Saturday, September 4, 2010

CRUCIAL BLAST REVIEW

As of this moment, writing this blurb about their new album Mutt, Texas rippers Total Abuse are my favorite hardcore band. I was gushing over their self-titled debut that came out a while back on Deranged after getting totally enamored with their atavistic throwback to circa-1984 thrash, their infatuation with the writings of Peter Sotos, and the stark black and white visuals on their album and 7" sleeves that referenced both the primitive apocalyptic collage art of early American hardcore and the blunt monochrome look of old British industrial cassettes. Seemed like it was custom tailored to my taste in hardcore, a negatory, nihilistic blast of primitivist fury that feels dead serious, driven by murderous desire and staring at the world with an unblinking eye. Not to mention a fiercely noisy edge that felt like I was hearing some as-yet undiscovered psychotic hardcore band from the 80's being blasted out of shredded speakers and malfunctioning PA equipment.

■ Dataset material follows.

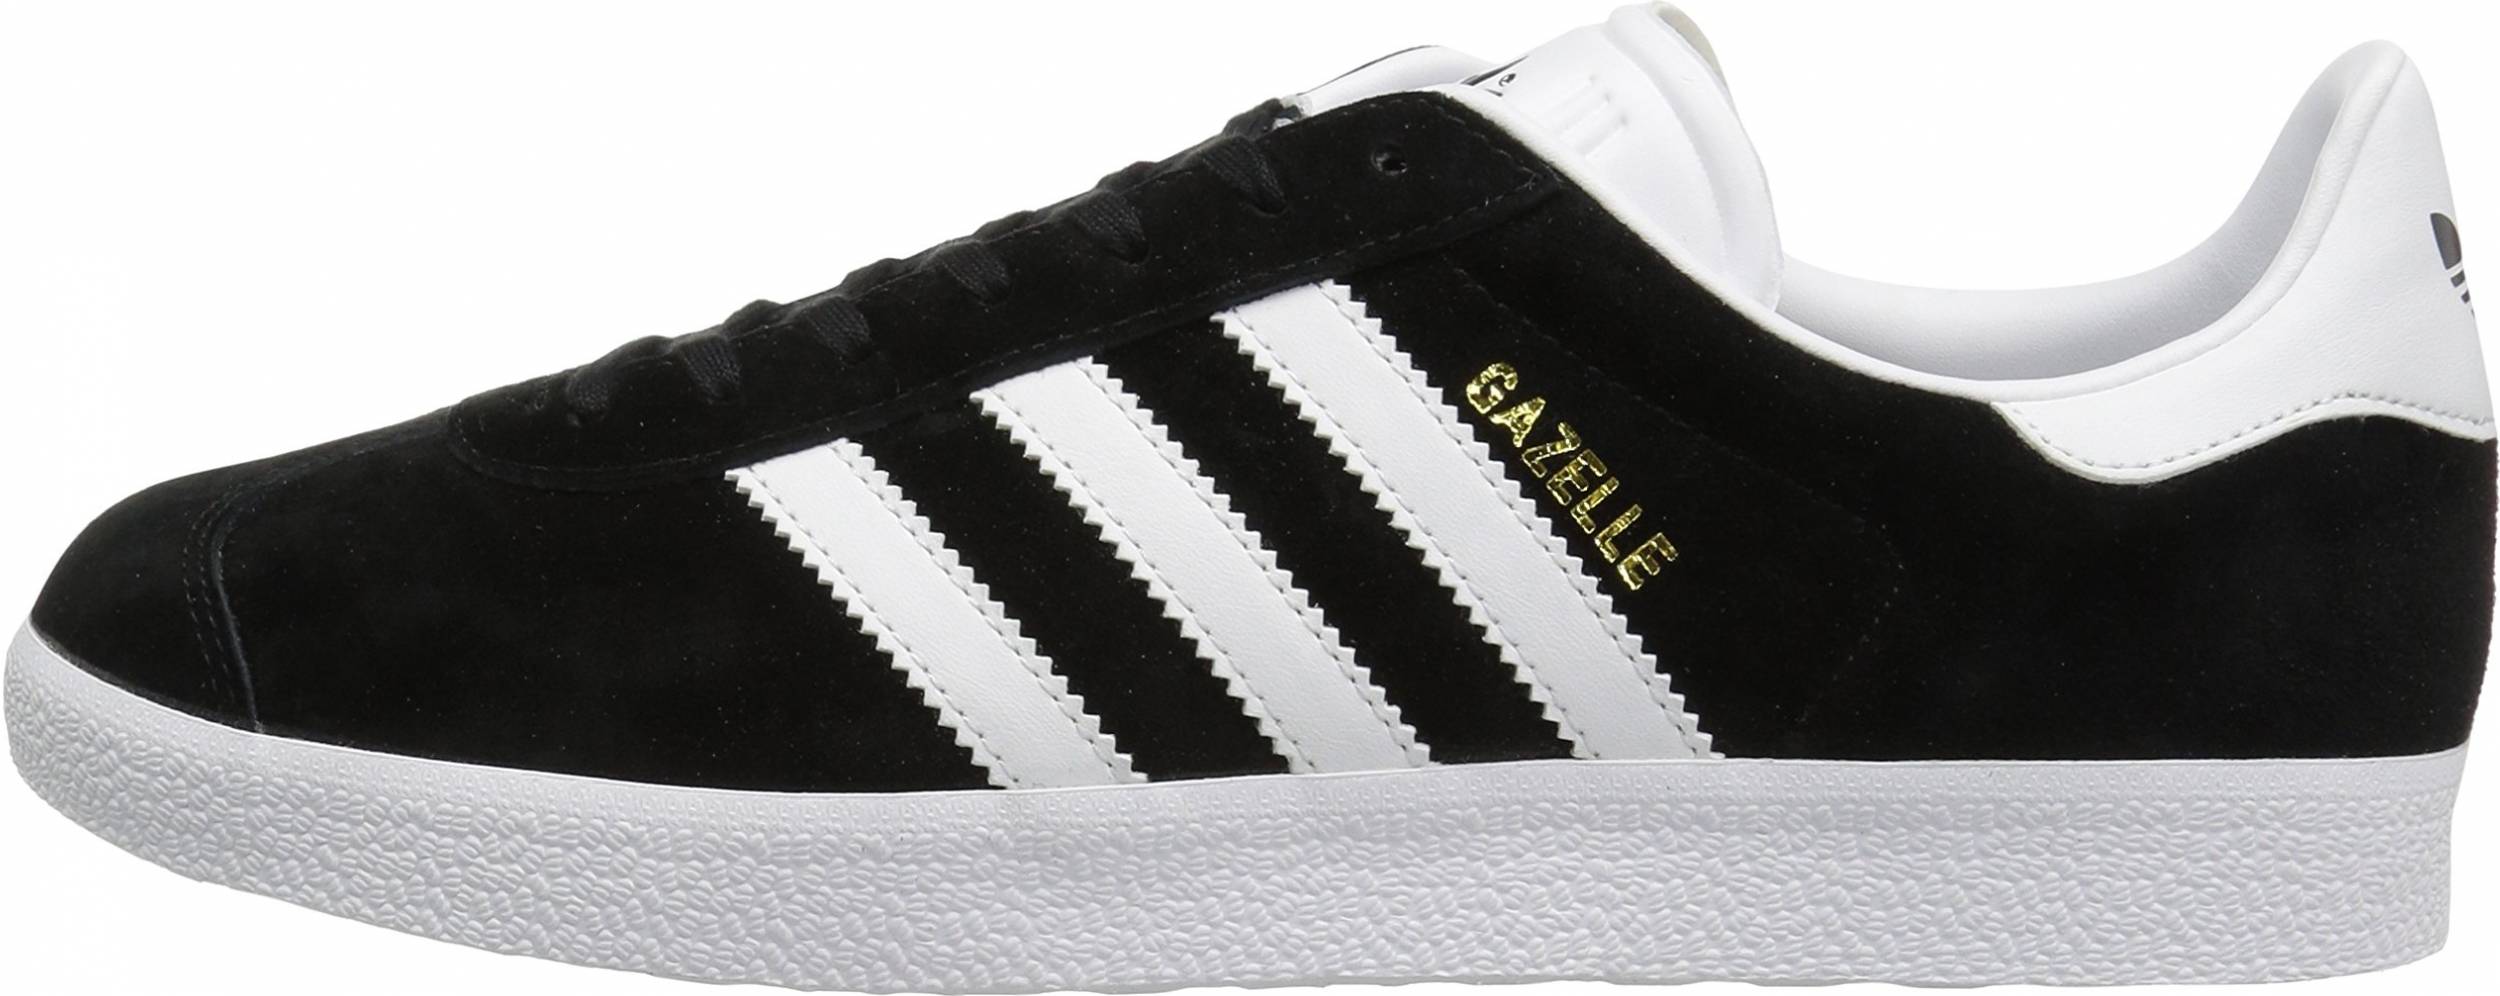 Adidas Gazelle sneakers in 50+ colors (only $39) | RunRepeat دخان تركي

Their last album and the Sex Pig 7" (the title of which is another direct Sotos reference) are still highly recommended to fans of psycho HC and get constant play around here, but their latest Lp Mutt just fucking blew me through the door. On the surface, the album is a direct continuation of the debut. The songs are once again short, brutal blasts of ancient hardcore played with maximum venom and power. The music and everything within it feels as if it's slathered in feedback, as if the band is hurling themselves against a wall of busted, squealing amplifiers. Songs like "Eunuch", "Fluid Exchange", "Buried", and "Caligula" mostly blast out brutal speed attacks somewhere in between Void and Negative Approach, infested with screaming high-end amp howl. Then the band shifts into a staggering dirge that stops the album dead in it's tracks, like when they stumble into the spastic noise and damaged Flipper/Kilslug-esque sludge of "Secret Passage I" and "Pure". There's nothing anthemic in the vocals; the singer delivers his hungry, desperate howl into the storm, his desperation syncing with the band into a wave of droning power. The apex of the album is the complete collapse into noise that comes with "Secret Passage II", a savage wall of guitar squall, squealing agonized feedback, and avalanche drum clatter. The aesthetics of Broken Flag applied to brutal, stripped down American hardcore.
The b&w fanzine style booklet that comes with the Lp features the lyrics, an integral part of Total Abuse's art. The lyrics are obviously influenced by Sotos's writings, the clipped, blunt, brutal lyrics expressing themes of total control, nihilism, loathing, oppression, depravity, violence and desire, directly and without glamour. It's an exploration of hunger that has more in common with Dom Fernow's work in Prurient than anything going on right now in hardcore.